Separation is a very specific phenomenon under Australian law of domestic relations, because it has a complex and transitory nature, particularly due to its evidentiary significance in a gradually deteriorating marriage. On the other hand, separation is imbued with prominent emotions at varying stages of grief. Thus, separation in Australia is frequently connected with the below stages of grief:

  • Denial and shock in the relationship
  • Actual anger and blaming of either the former partner or some different person that is allegedly responsible for the deterioration of marriage
  • Depression and sadness
  • Acceptance and accommodation to new conditions of life

Regulation of separation under Australian statutory and case law

Australian courts substantially extended the statutory dimensions of separation under Australian law. Thus, in Fields & Smith, the court ruled that it was just and equitable to make an order for property settlement.[1] Also, the court verified the equality of contributions pre-separation by the parties and found that the assets of the parties did not alter post-separation due to the efforts of either party. In deciding the case, the court also took into consideration changes in the role of the wife as parent and homemaker post-separation and decided that the changes did not decrease her entitlement to an equal division of the property. In the final analysis, the court held that there should be equal distribution of the parties’ assets upon separation.

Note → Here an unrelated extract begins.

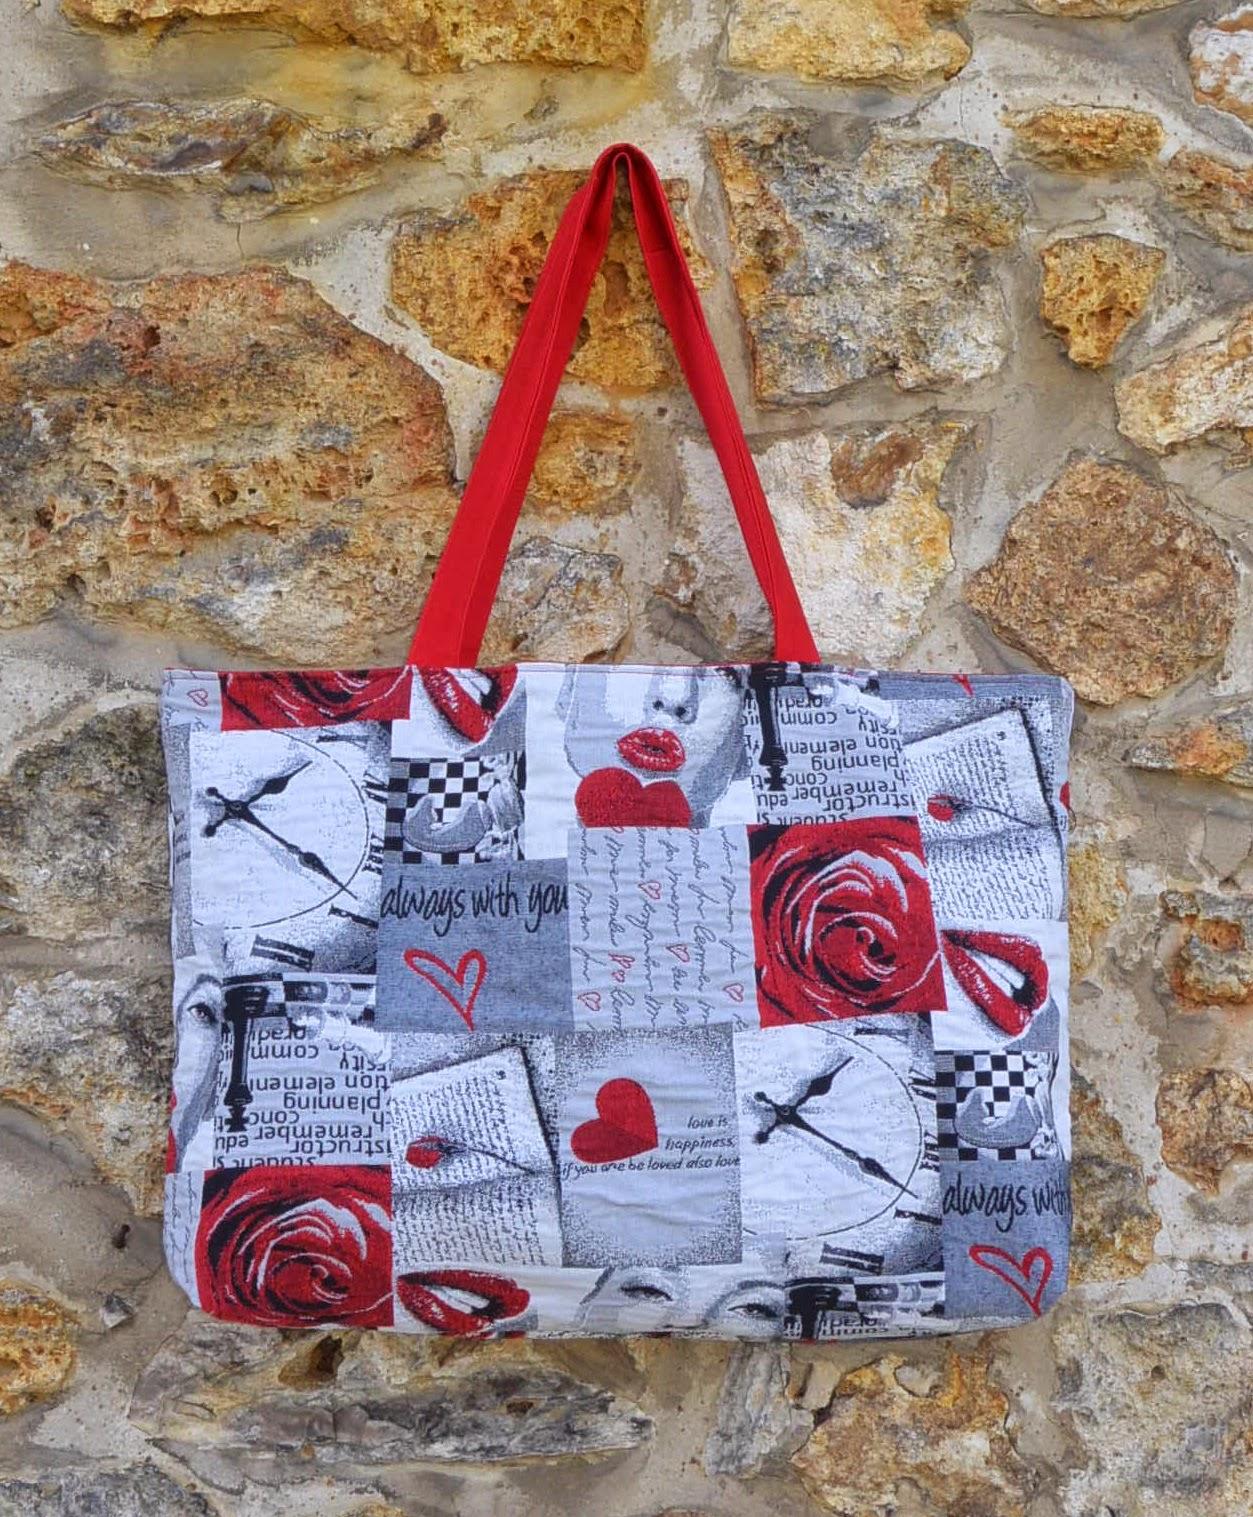 Sac L en tissu jacquard, grosse capacité de rangement, plage ou shopping.  poche intérieure zippée. Rouge et bisous glamour saint valentin.

In Allesch v. Maunz, the court addressed the issue of discretion and re-exercise of the discretion with regard to the division of property.[2] Thus, in order to re-exercise the discretion by the court, it is incumbent on the parties to provide subsequent evidence proving that the division of property was done in a way that would allow for a further adjustment by way of a sum of money to be made. Comments from the High Court in Allesch v. Maunz make it clear that in re-exercising the discretion, a special emphasis must be placed upon the evidence of the circumstances as they now exist, as distinct from when the order appealed was made.

In Bevan & Bevan, the court sets forth three fundamental principles that provide guidance to trial judges in dealing with various separation related issues.[3] First and foremost, the court stated that determination of a just and equitable outcome of an application for property settlement starts with the identification of existing property interests (as designated by common law and equity). Second, the court reiterated that the discretion conferred by the statute must be performed in conformity with legal fundamentals and must not be based upon a presumption that the parties’ interest in the property are or should be different from those established under common law and equity. In this connection, the court arrived at the conclusion that a determination that a party is entitled to a division of property upon separation fixed by reference only to the matters in s 79(4) of the Family Law Act. The last but not least, the third fundamental principles of separation requires separate consideration of the preliminary question of whether it is just and equitable to make any order altering property interests before the need arises to consider the extent to which existing interests are to be altered and the manner in which that is to be done.

Also, the court in Bolger & Headon highlighted that there is no requirement to ascribe different percentages to various periods in the relationship.[4] Specifically speaking, the court pointed out that, in doing so, there will be inconsistency with a holistic assessment of the parties’ contributions which is what Section 79(4) of the Act requires: it is only of error can be illustrated in the overall result that the appeal would succeed.

[1] Fields & Smith [2015] FamCAFC 57 (17 April 2015).

[2] Allesch v. Maunz (2000) 203 CLR 172.

[3] Bevan & Bevan [2013] FamCAFC 116.

[4] Bolger & Headon [2014] FamCAFC 27.